SOURCE DATA:
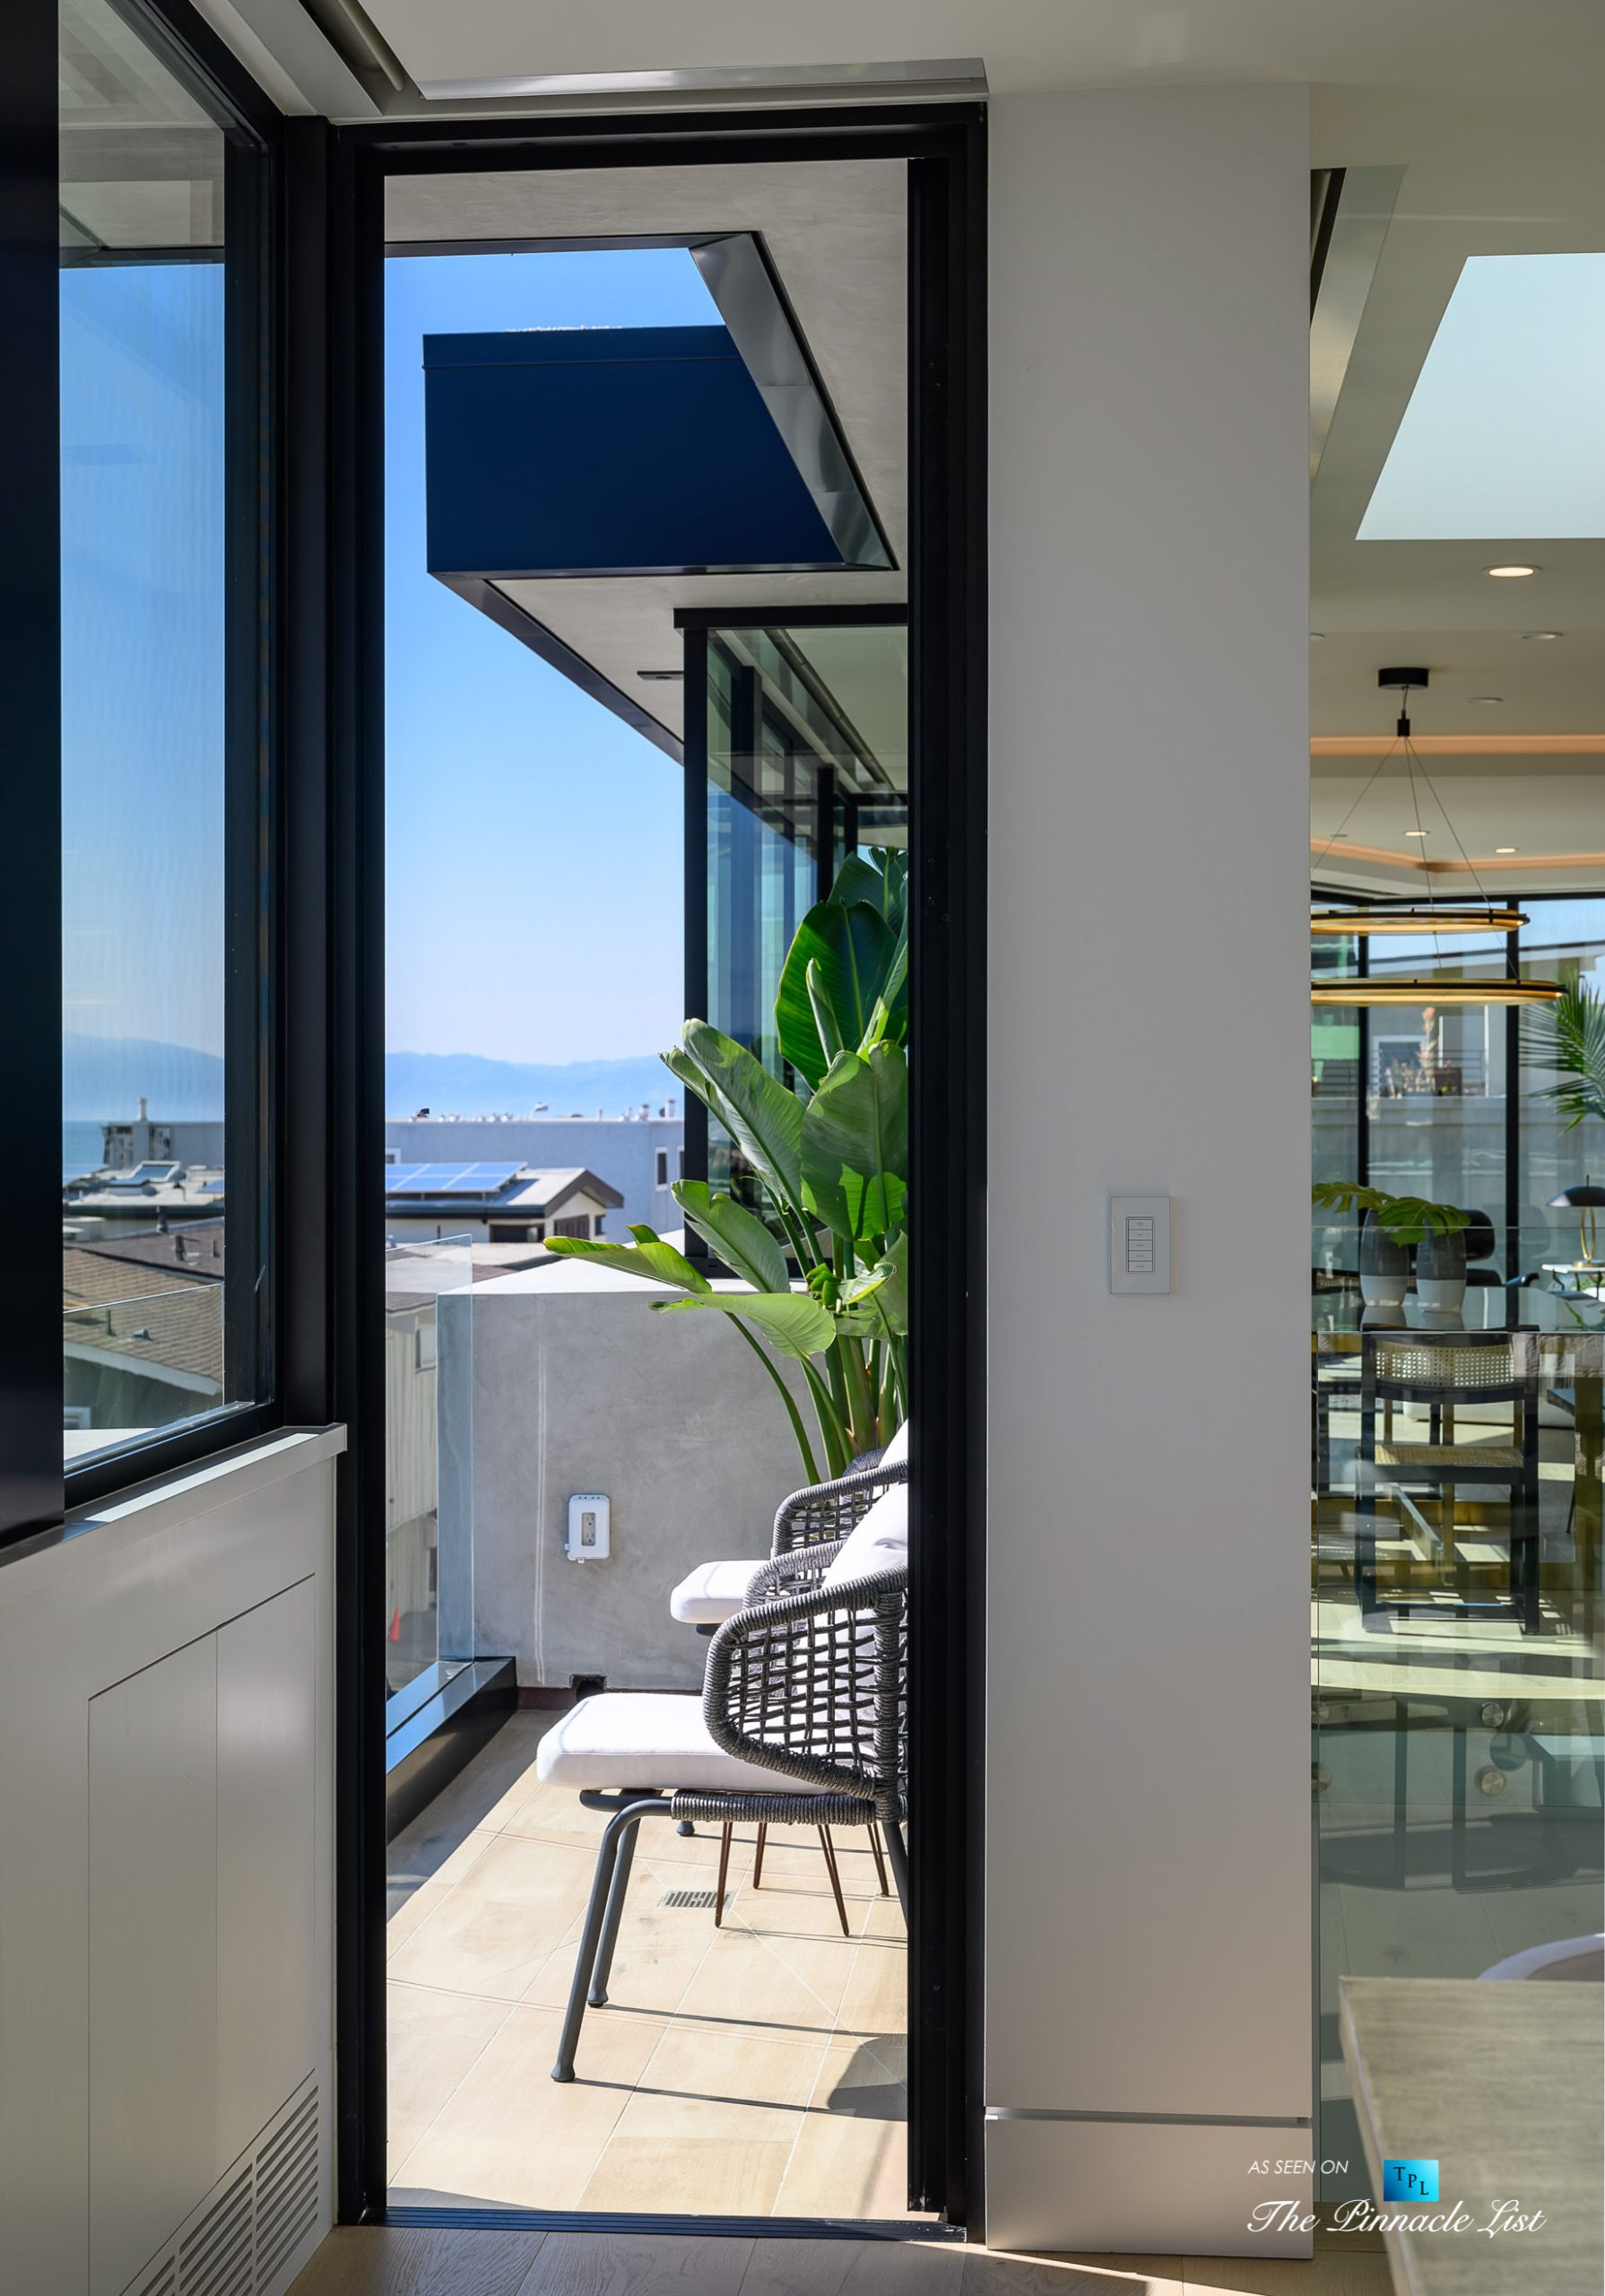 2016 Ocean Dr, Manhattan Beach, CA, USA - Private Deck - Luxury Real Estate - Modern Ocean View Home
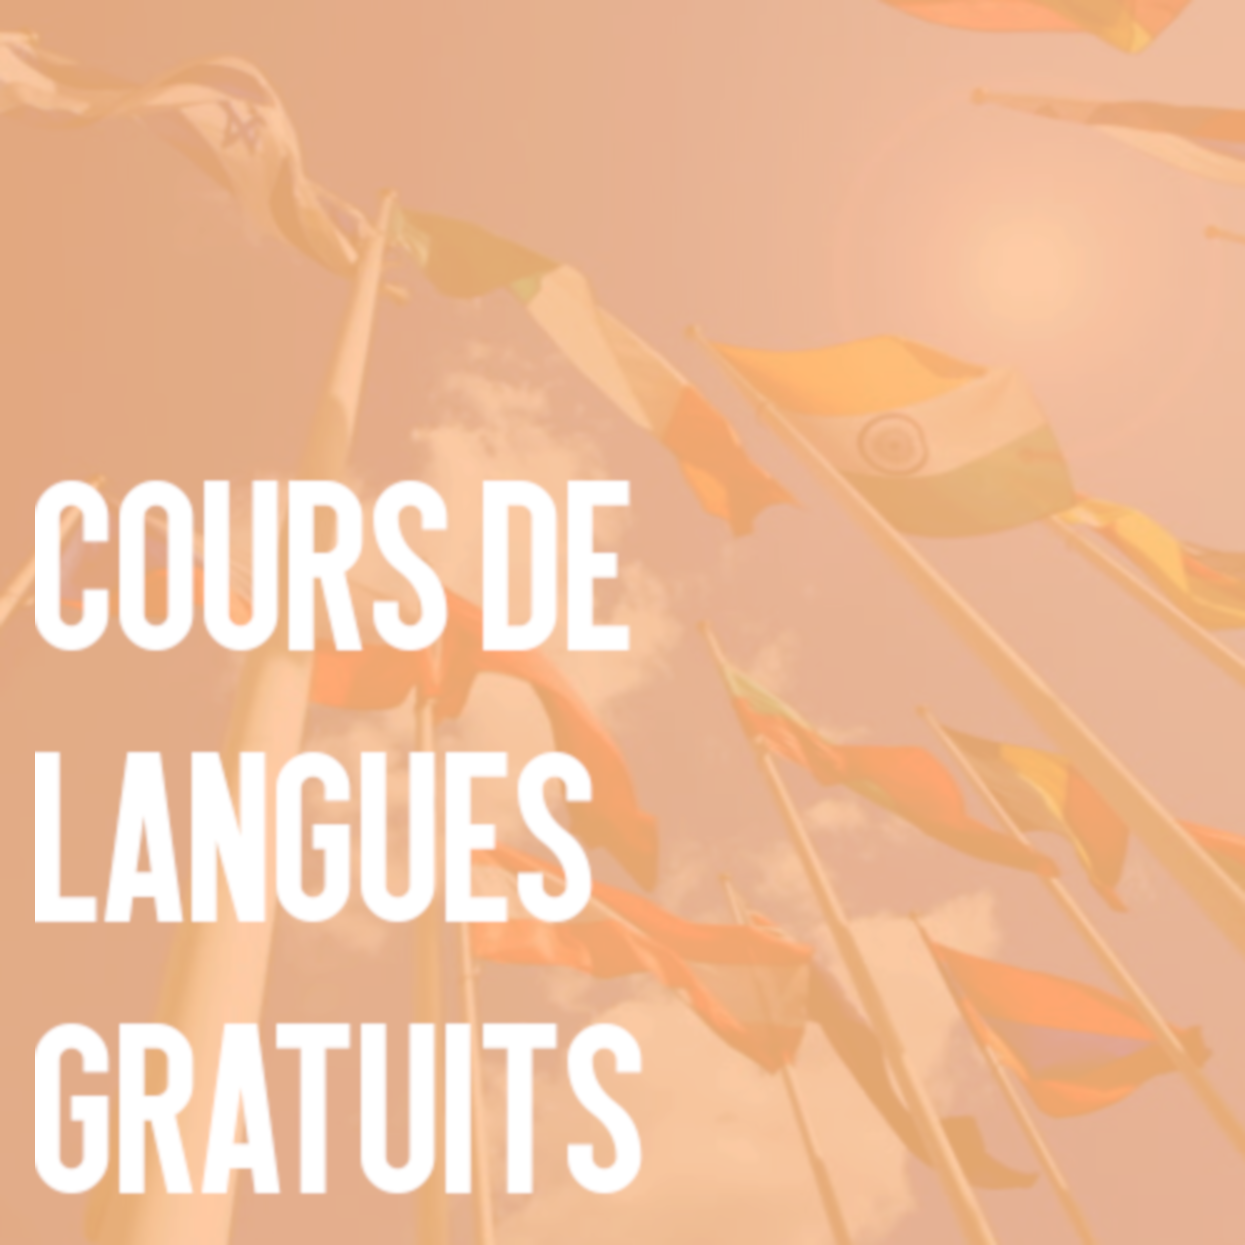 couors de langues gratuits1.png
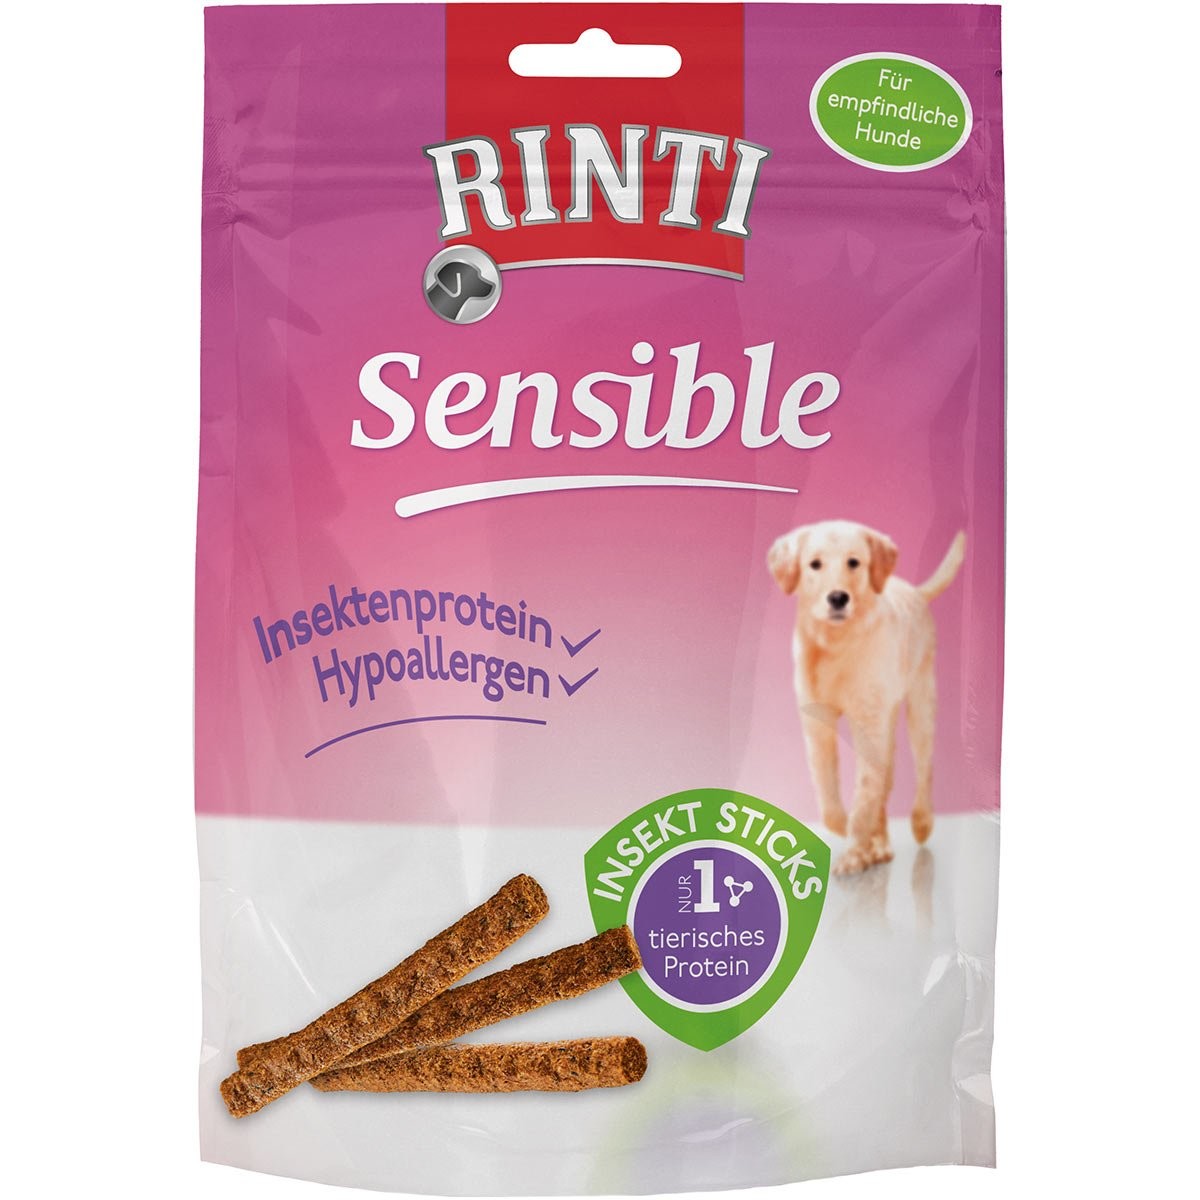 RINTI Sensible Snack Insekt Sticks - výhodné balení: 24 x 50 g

TASK GOAL: Would you reproduce each line of the material exactly, omitting the images?

EXPECTED OUTPUT:
 2016 Ocean Dr, Manhattan Beach, CA, USA - Private Deck - Luxury Real Estate - Modern Ocean View Home
 couors de langues gratuits1.png
 RINTI Sensible Snack Insekt Sticks - výhodné balení: 24 x 50 g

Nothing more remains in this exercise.